Assuming it works as advertised, why would you not immediately jump on Core Data CloudKit integration? Well, there are a bunch of “policy” related issues you probably want to consider first, which may sway your decision, at least in the short term.
To begin with, as with any new Apple technology, it will only work on new operating systems. If you are developing a new app now, it is probably fine; if you have an existing app, it will probably be a year or two before you can consider adding it (…unless you are prepared to tell customers to upgrade to get sync).
Now to the nitty gritty. The nature of Apple’s sync, where you effectively have distributed stores, means you can’t globally validate data like you can with a single central store. Apple have chosen to work around this by disallowing validation on relationships. It’s something to keep in mind. For example, if you have a one-to-one relationship that was previously non-optional, once you add sync, you will have to make it optional, and concurrent changes could lead to an orphaned object where the relationship is nil. This is not really avoidable in a decentralized syncing system, though how it is handled can vary. In Ensembles, the same problem can arise, and a delegate method is called to allow the app code to correct the issue (eg delete an object); Apple have opted to just disallow validation of relationships, which means you will probably need to add your own checks to “correct” the data.
The last problem I see with Apple’s approach is perhaps the most important. Like the original Core Data sync, the new CloudKit sync does not introduce any concept of global identity for your objects. Why does this matter? Not being able to match objects on one device to those on another means you have to do unnecessary, and often complex, deduplication of your data. It seems Apple didn’t really learn from their mistakes here. If you take a look at the sample code from WWDC19, you will find a relatively simple app which is littered with complex deduplication logic.
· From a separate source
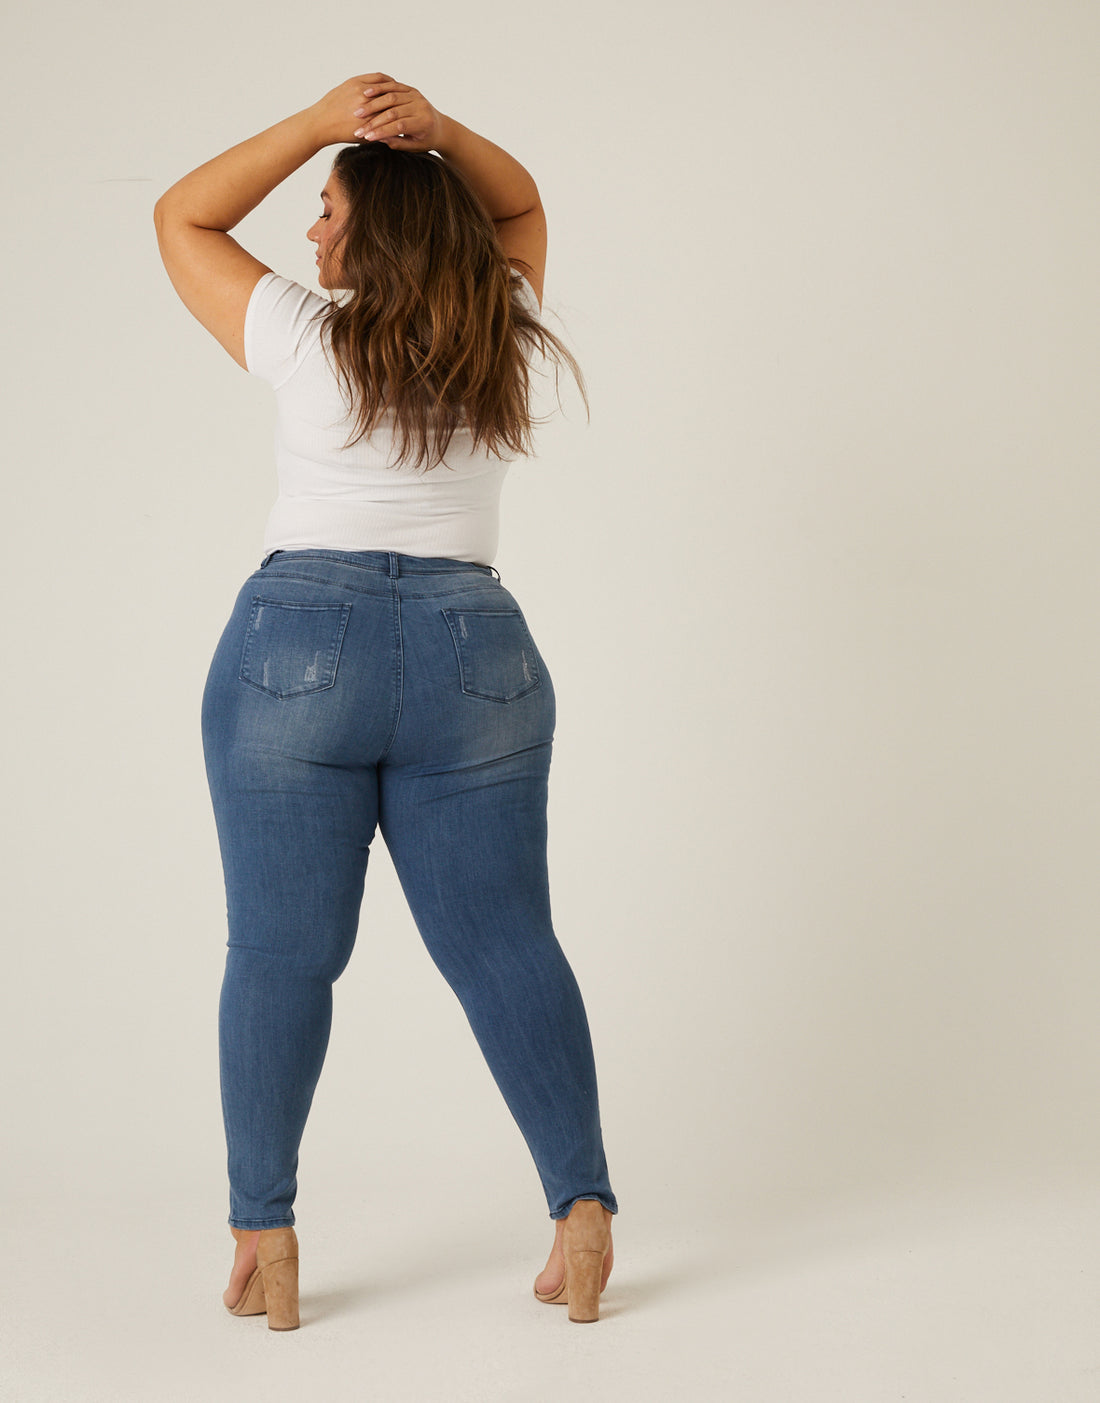 Curve Distressed Skinny Jeans Plus Size Bottoms -2020AVE
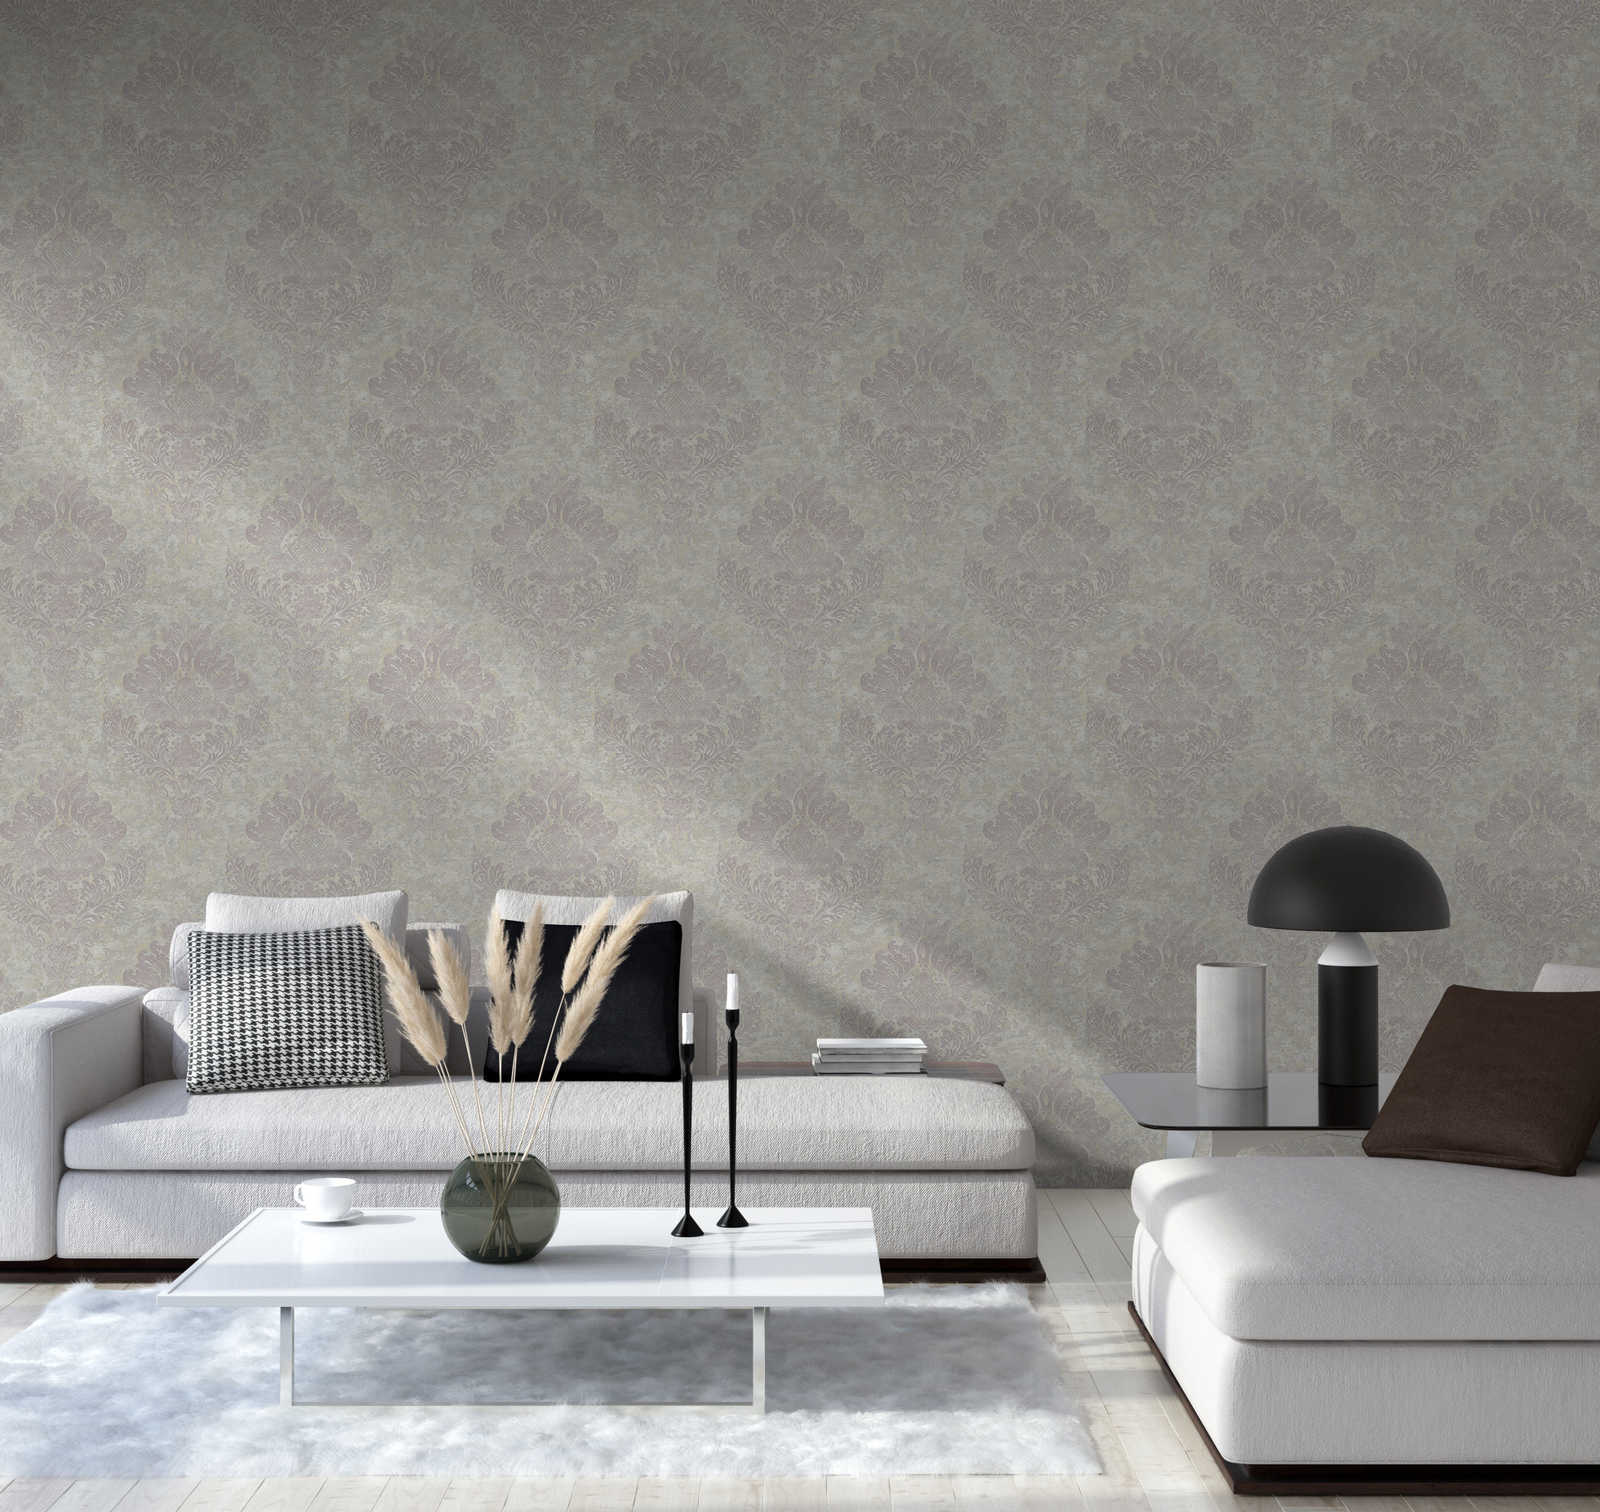             Wallpaper with floral ornaments & metallic effect - beige, grey

Hardly an easy sync solution.
The sad part of this is that Apple could help a lot here by simply exposing the CloudKit record names to the developer (Submitted as Feedback Issue: FB6120135). Allowing the developer to choose the record names would introduce a configurable global identity, and the deduplication could be eliminated.
Ensembles has always had the notion of global identity. You can add sync to a Core Data app with Ensembles in about 20 lines of code, and that is because the framework itself is able to map objects on one device, to those on another. As a practical example, if you have already been syncing using some other mechanism, and move to Ensembles, you can provide the global identifiers you have already setup, and Ensembles will merge the data automatically, regardless of how many devices initially have a copy of the data. And if you have a singleton-like object, such as something for app settings, you can assign a predetermined identifier (eg “Settings”), so that all devices share the same set of options. Having control over global identity makes things much simpler, and I hope Apple realize this, and open up control over the record names in CloudKit.
Conclusions? I think there is promise here. It is certainly the best approach we have seen to Core Data sync from Apple. They seem to have the foundation in place (ie generational versioning) to do it properly. But even if they get it completely right, you will probably want to weigh the negatives: Can you be content with just supporting the latest operating systems? Are you happy being locked-in to CloudKit? Is it OK to drop relationship validation in your model, and adopt a lot of deduplication complexity? On the plus side, CloudKit offers free and fast sync, so there is plenty going for it. The ball is in your court.